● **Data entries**
■ ■ ■

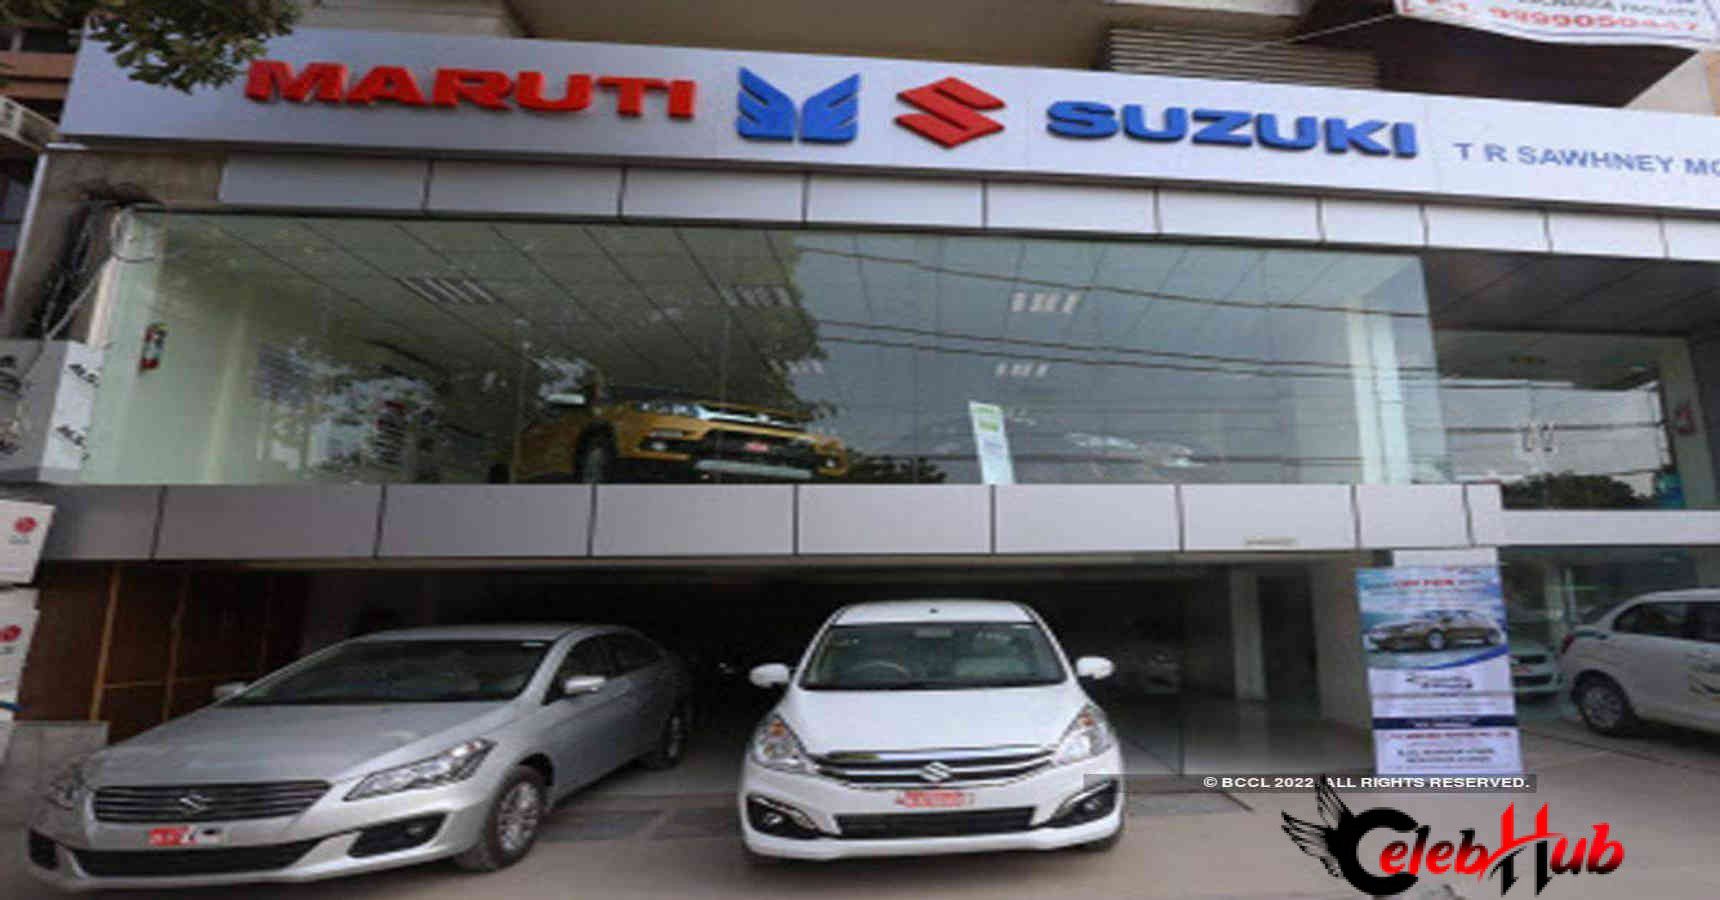 Maruti Suzuki India Limited 
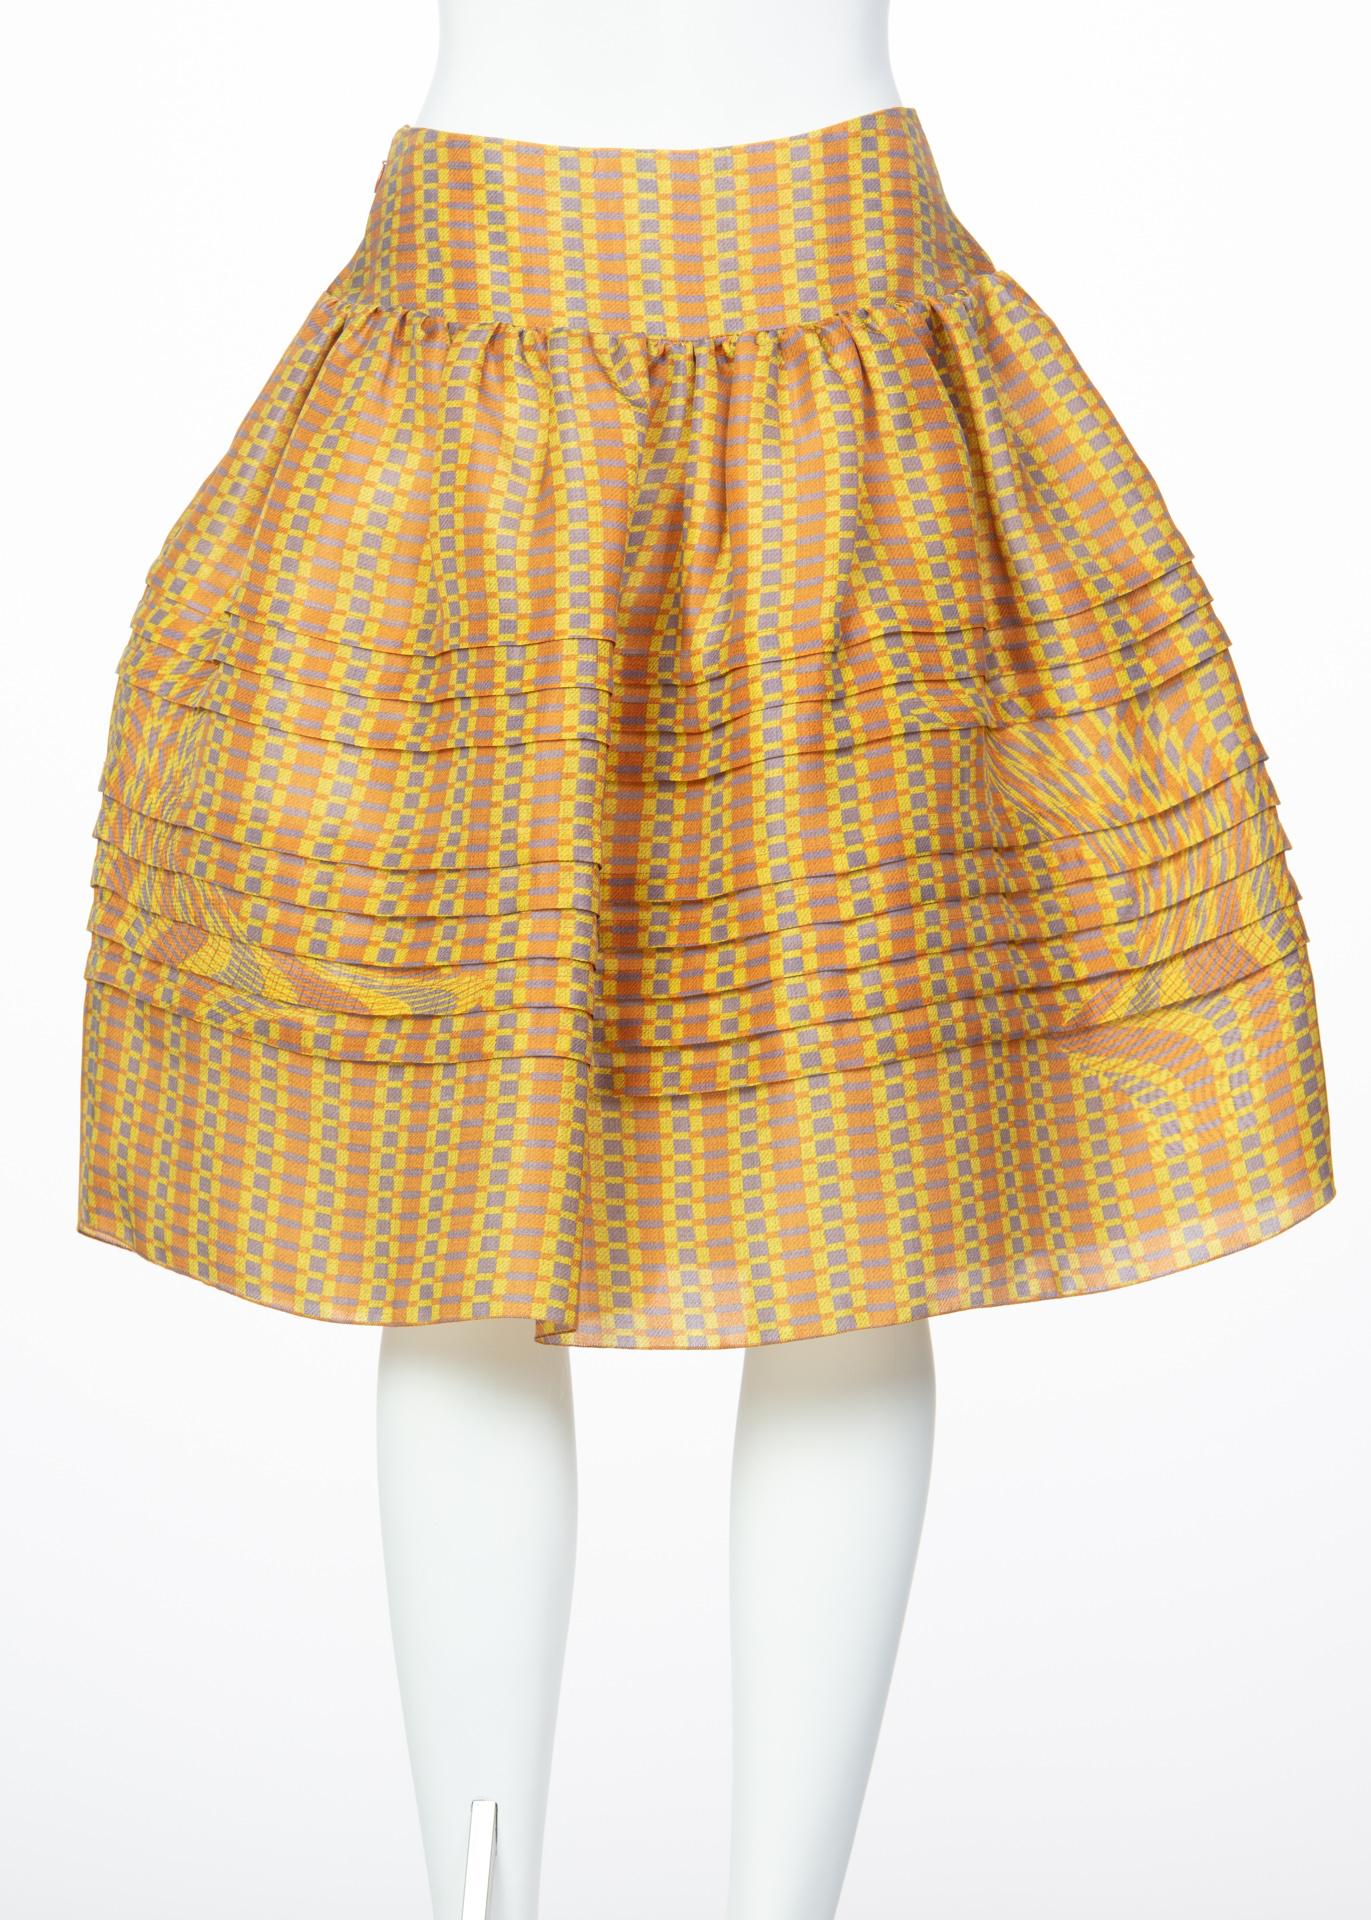 Women's 2008 Prada Fairy Runway Yellow Printed Silk Organza Skirt
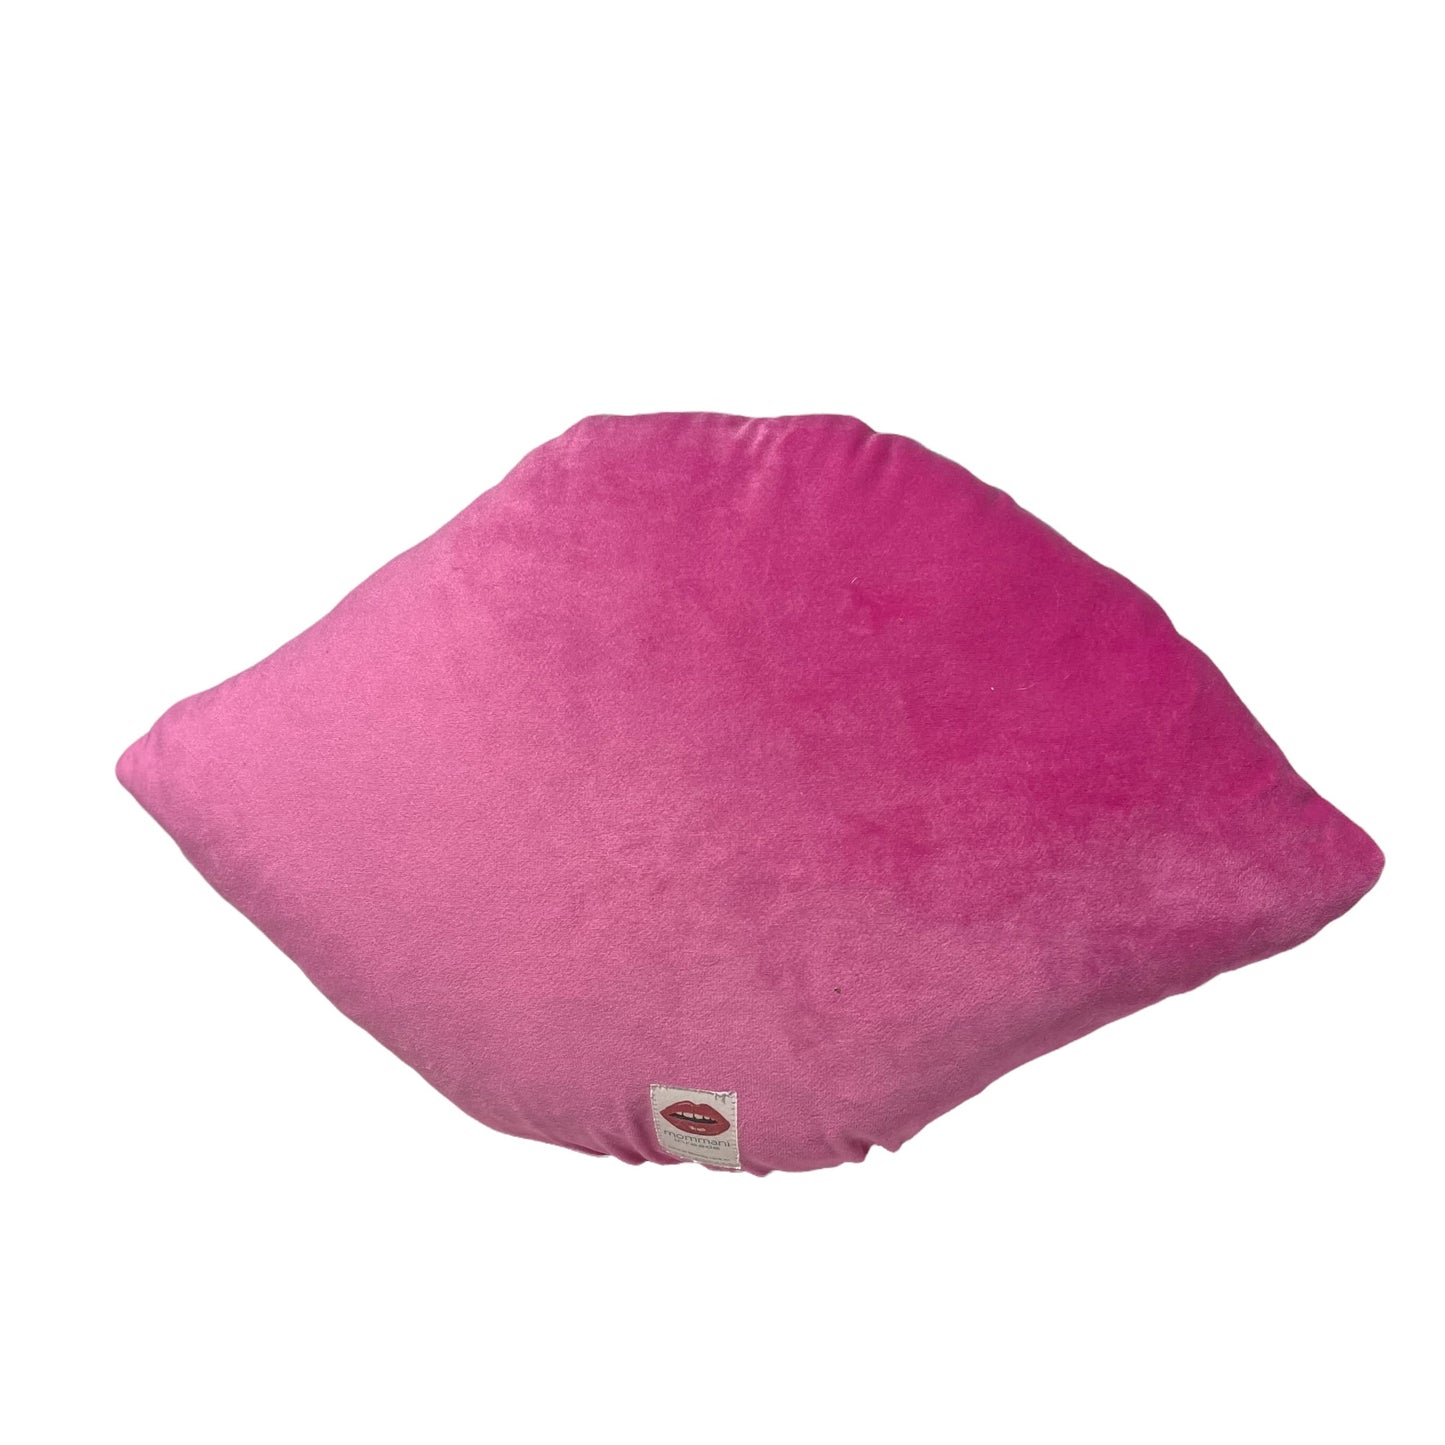 sculpted velvet pink eye pillow
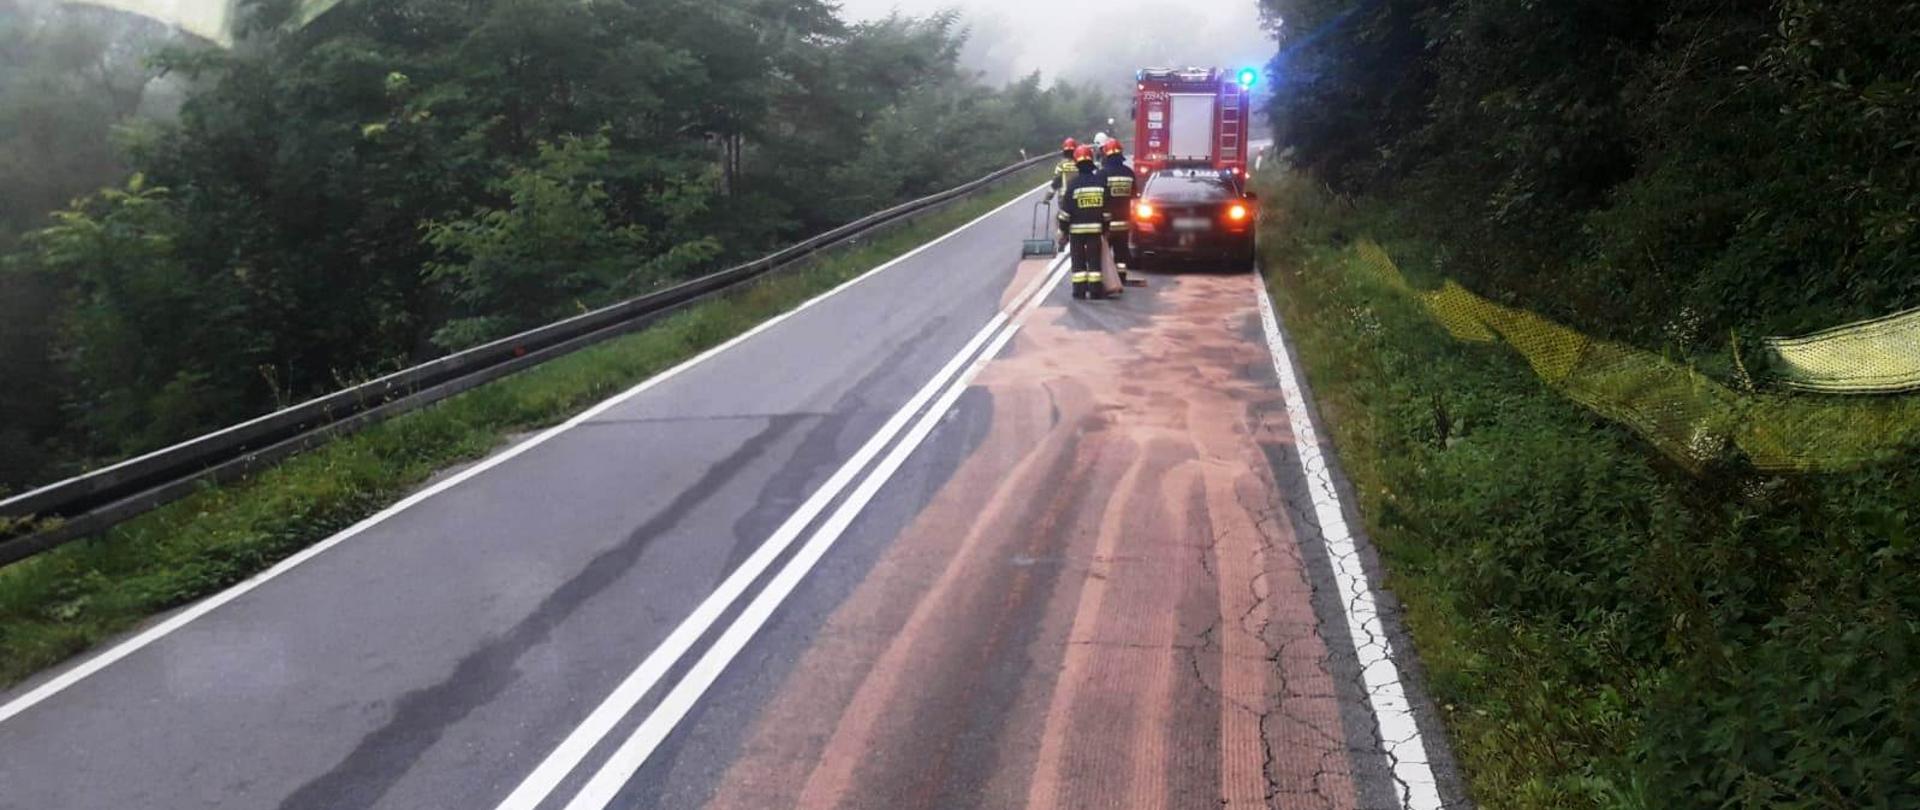 Samochód pożarniczy na pasie drogi a przed nim i smuga z sorbentu.Obok samochodu strażacy.
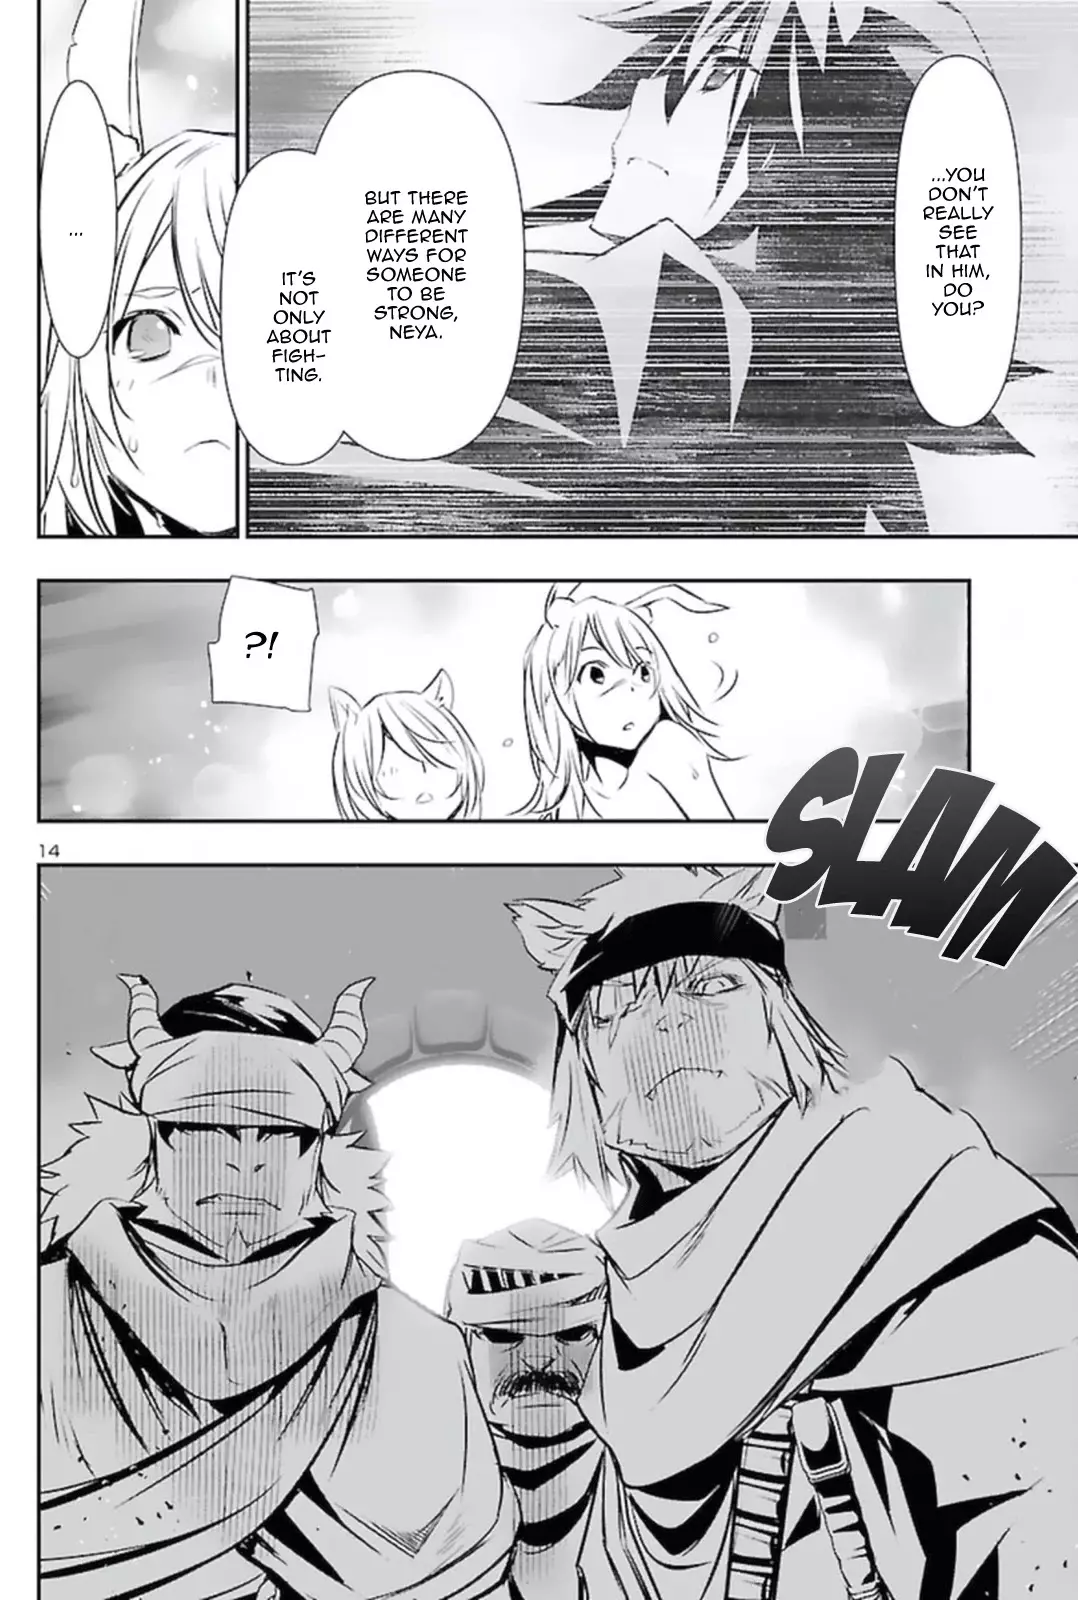 Shinju no Nectar - 57 page 14

■ ■ ■

● **Exercise instructions**
Write the records above out again exactly, but not the pictures.

● **Result of this exercise**
 Maruti Suzuki India Limited 
 Women's 2008 Prada Fairy Runway Yellow Printed Silk Organza Skirt
 sculpted velvet pink eye pillow
 Samochód pożarniczy na pasie drogi a przed nim i smuga z sorbentu.Obok samochodu strażacy.
 Shinju no Nectar - 57 page 14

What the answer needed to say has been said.